▸ **TRY IT**:
Here the job is to transcribe only the lines from the one containing "Honda_Monkey_Z50_Cezanne_classic_motorcycle_5-163.jpg" through the last line below, exactly as written; please leave out pictures.

▸ **DATA EXTRACT**:

* * *

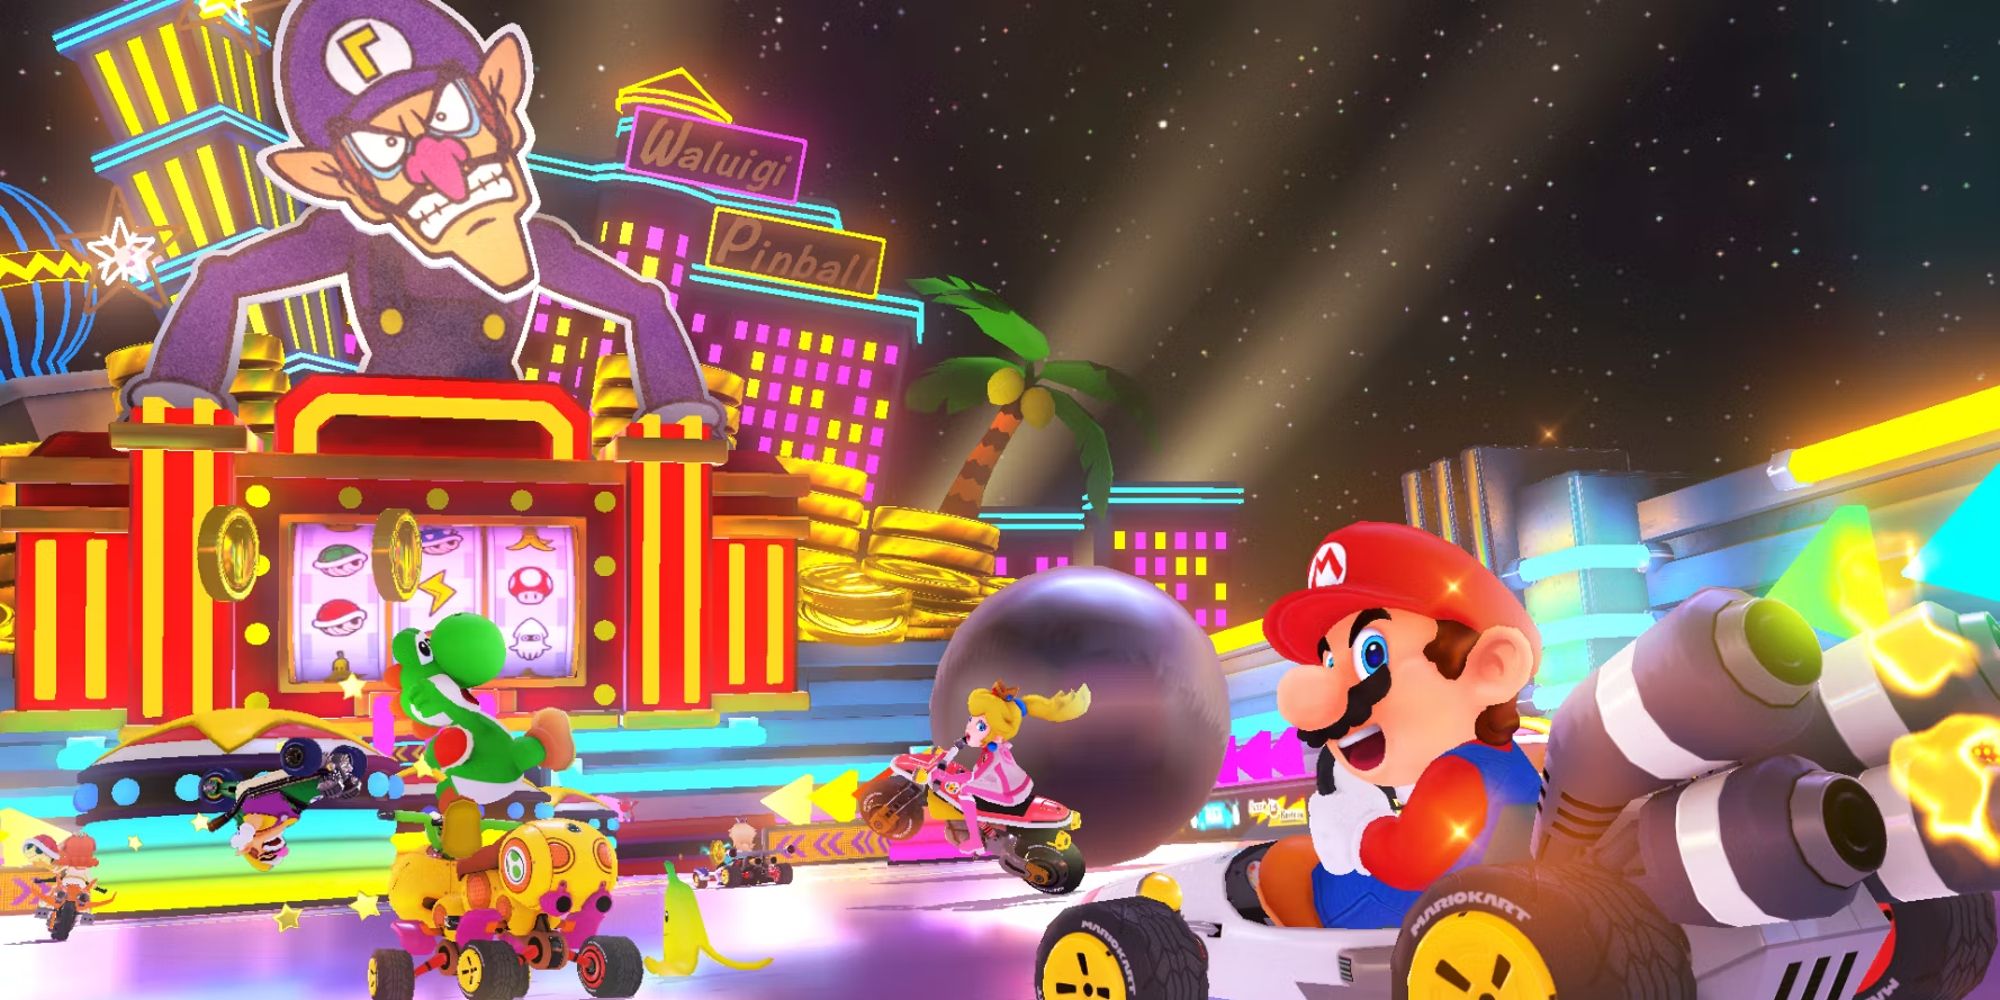 Mario driving a car through a circuit that shows a giant Waluigi decoration in Mario Kart 8 Deluxe.
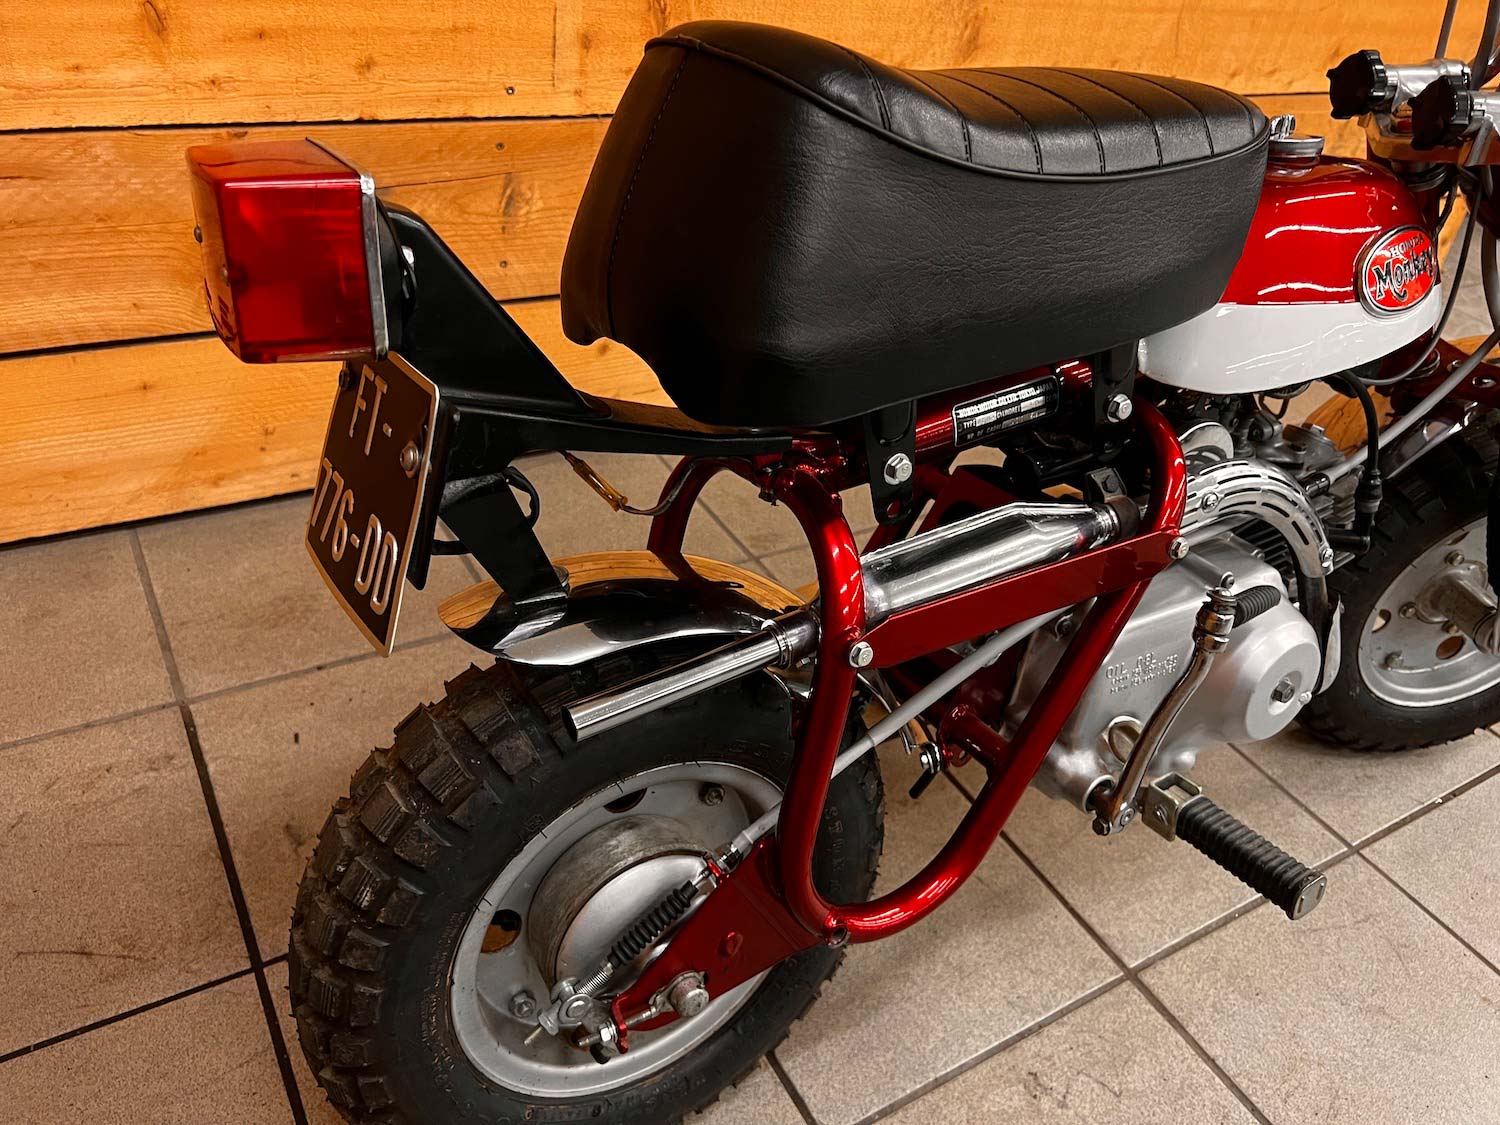 Honda_Monkey_Z50_Cezanne_classic_motorcycle_5-163.jpg
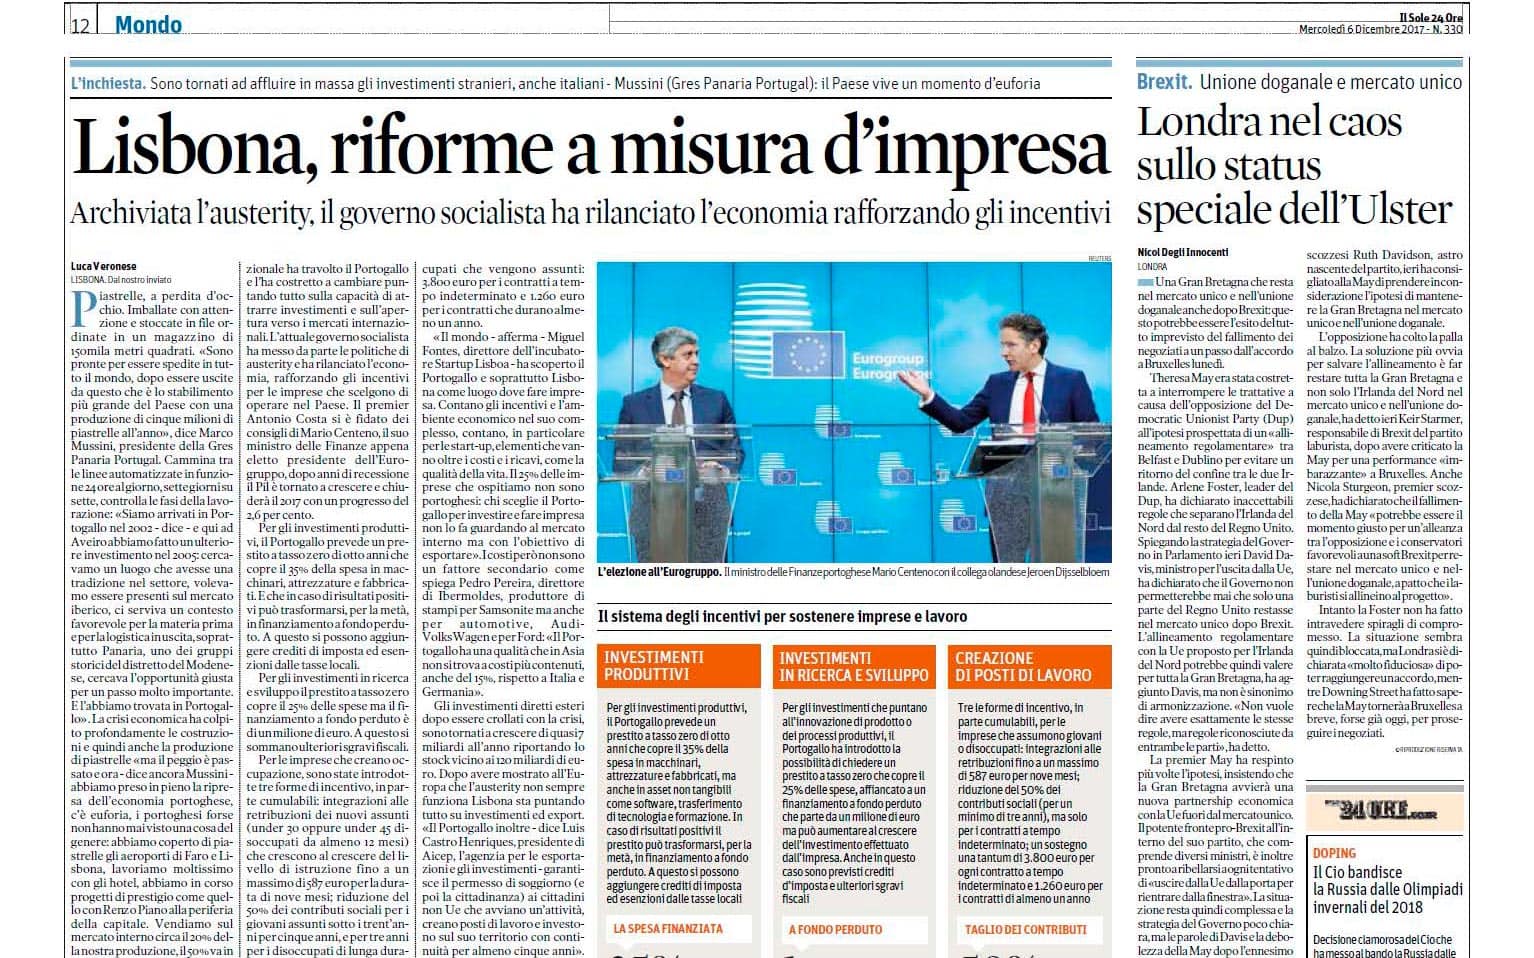 Gres Panaria Portugal is center news at italian press
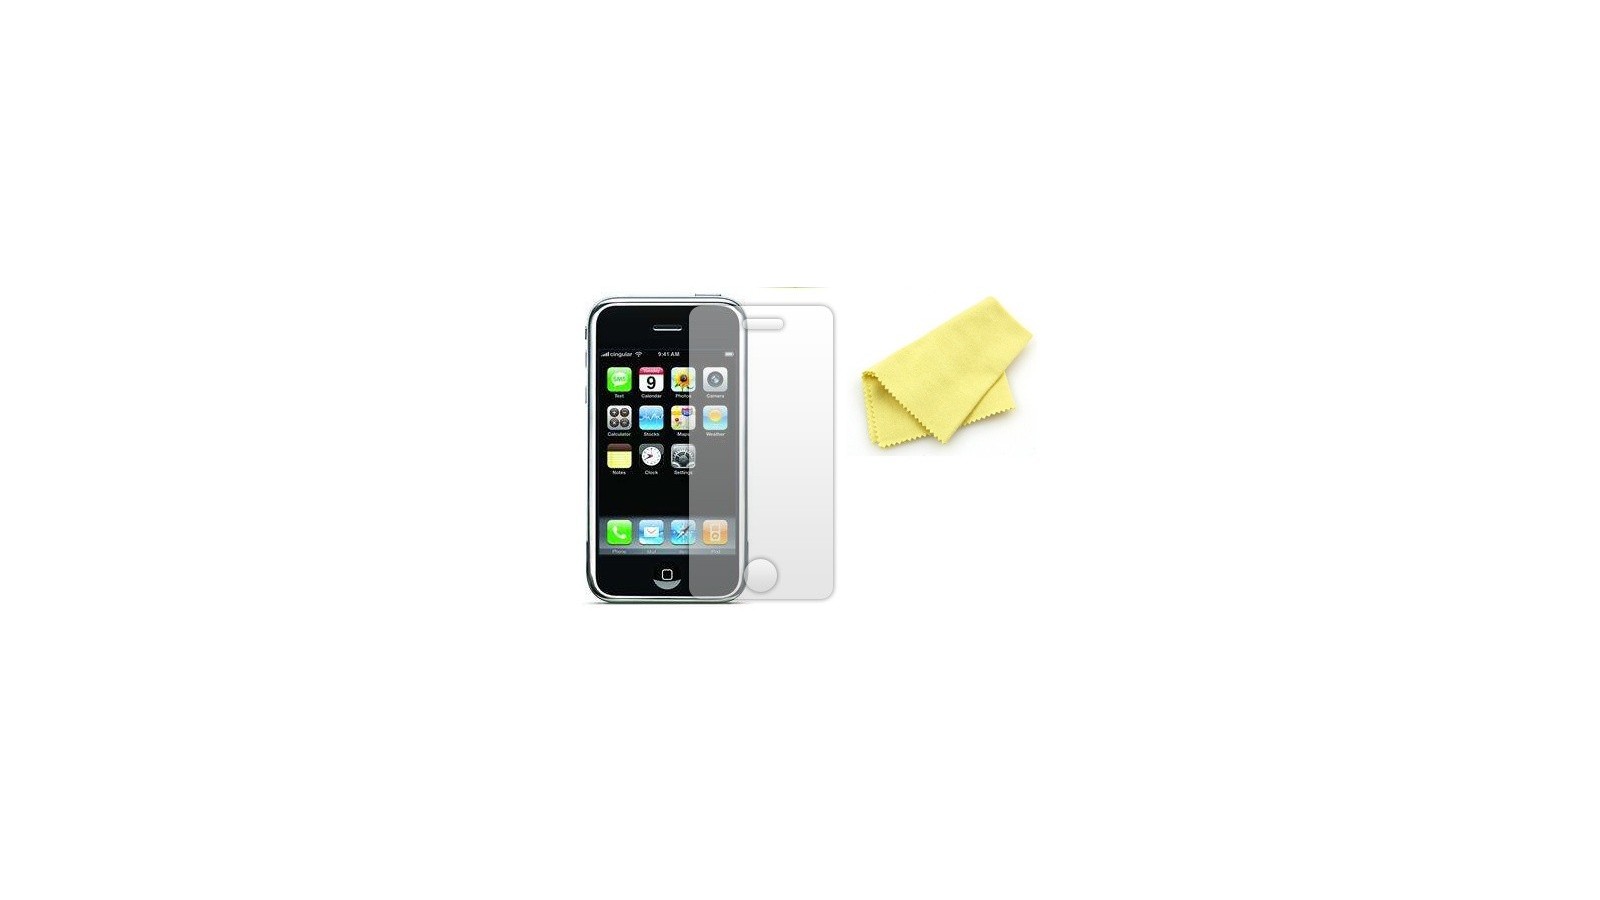 Pellicola protettiva per Apple iPhone 3G + panno

* * *

▸ **RESPONSE AREA**:
 Honda_Monkey_Z50_Cezanne_classic_motorcycle_5-163.jpg
 Gres Panaria Portugal is center news at italian press
 Pellicola protettiva per Apple iPhone 3G + panno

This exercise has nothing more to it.